Shenzhou-9 set to dock with Tiangong-1
17 June 2012By Jonathan Amos
Science correspondent, BBC News
China's Shenzhou-9 capsule, with its crew of three, remains on course to dock with the Tiangong-1 space lab.
National media reports said the coupling of the two vehicles was expected at 15:00 Beijing time (07:00 GMT; 08:00 BST).
The latest Shenzhou mission was launched on Saturday, taking China's first female astronaut into orbit.
Thirty-three-year old Liu Yang flies with Commander Jing Haipeng, 46, and fellow flight engineer, Liu Wang, 42.
It is China's fourth manned mission and another opportunity to see how far the Asian nation has developed its space technology.
It follows on from last year's unmanned Shenzhou-8 outing which completed successful rendezvous and docking manoeuvres at Tiangong.
That gave Beijing authorities the confidence to put astronauts on the current flight.
Since Saturday's lift-off from the Jiuquan spaceport, Shenzhou-9 has been working through a series of engine burns to take it higher and closer to the orbiting space lab.
Monday's docking will again be an automated procedure; computers - not the crew - will be in charge of events.
A suite of radar, laser and optical sensors will align Shenzhou with Tiangong. The capsule's thrusters will then drive it into the space lab's docking ring.
The union will occur at an altitude of about 340km (210 miles).
It is understood that only two members of the crew will enter the lab at any one time. The third individual will stay in the Shenzhou craft in case of emergency.
During the flight, a range of scientific experiments are planned, including a number of medical tests geared towards understanding the effects of weightlessness on the human body.
At some point in the next few days, the astronauts will attempt a manual docking.
This would see the crew uncouple their vehicle from the lab, retreat to a defined distance and then command their ship to re-attach itself.
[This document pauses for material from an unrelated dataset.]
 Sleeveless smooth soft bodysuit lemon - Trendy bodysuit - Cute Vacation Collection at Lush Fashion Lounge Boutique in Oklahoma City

Liu Wang will take the lead in this activity. "We've done over 1,500 simulations," he said during the pre-launch press conference.
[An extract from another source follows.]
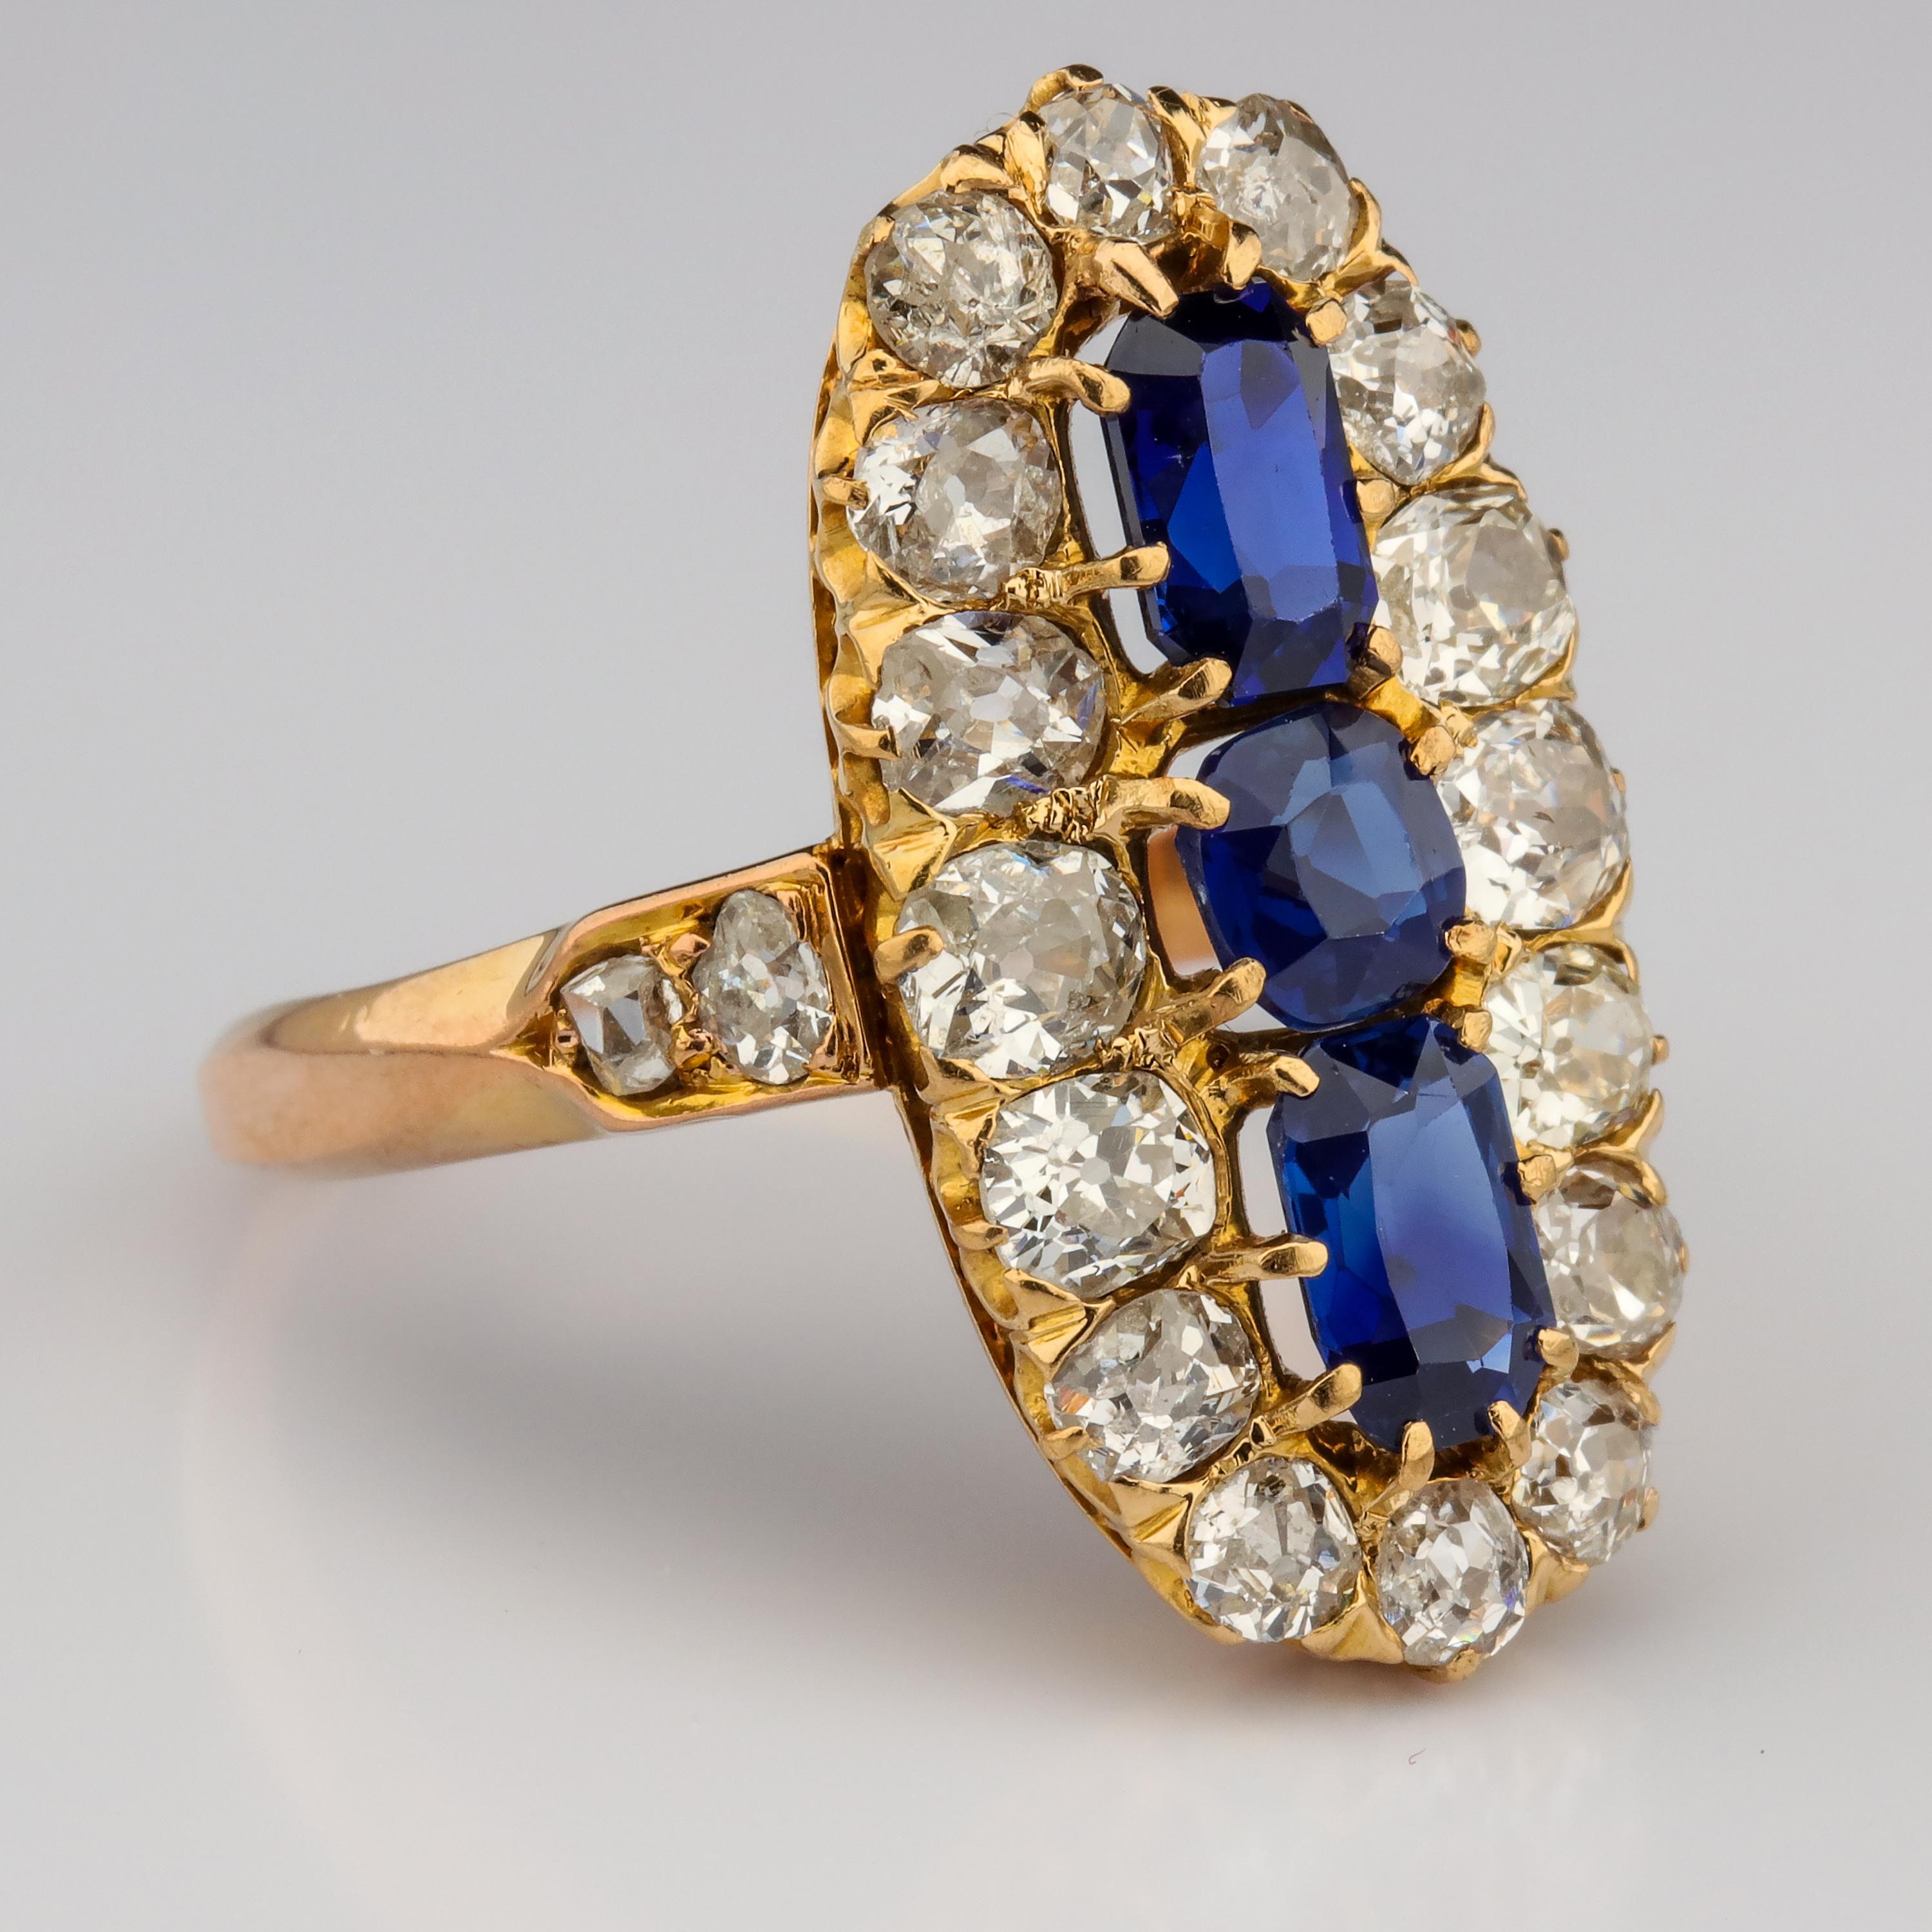 A line of one cushion and two octagonal mixed-cut GIA-certified no-heat sapphires totaling approximately 2.26 carats stand out in vivid, royal-blue relief against a surround sixteen of near-colorless round, oval and cushion-cut old-mine diamonds

http://sirifarm.com/search-coupons.html"We've mastered the techniques and skills. China has first class technologies and astronauts, and therefore I'm confident we will fulfil the manual rendezvous."
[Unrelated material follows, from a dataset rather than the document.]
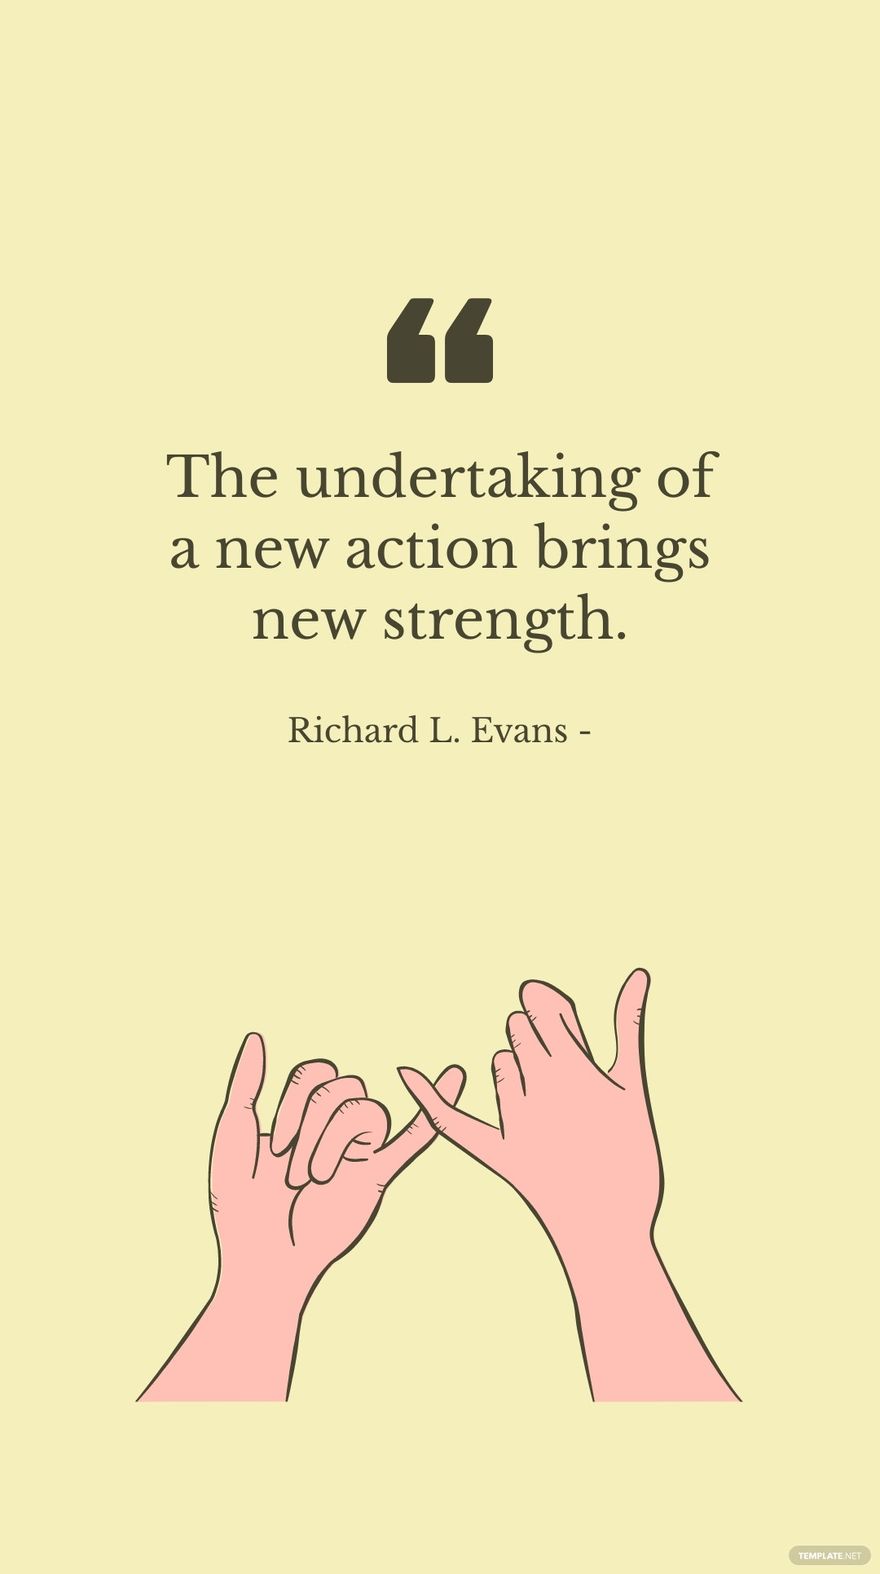 Richard L. Evans - The undertaking of a new action brings new strength.

China is already talking about a Shenzhou-10 mission to Tiangong sometime in the next year.
The lab is a prototype for the type of modules the nation hopes to join in orbit later this decade to form a permanently manned space station.
At about 60 tonnes in mass, this proposed station would be considerably smaller than the 400-tonne international platform operated by the US, Russia, Europe, Canada and Japan, but its mere presence in the sky would nonetheless represent a remarkable achievement.
Concept drawings describe a core module weighing some 20-22 tonnes, flanked by two slightly smaller laboratory vessels.
Officials say it would be supplied by freighters in exactly the same way that robotic cargo ships keep the International Space Station (ISS) today stocked with fuel, food, water, air, and spare parts.
The Shenzhou-9 crew are expected back on Earth before the end of the month.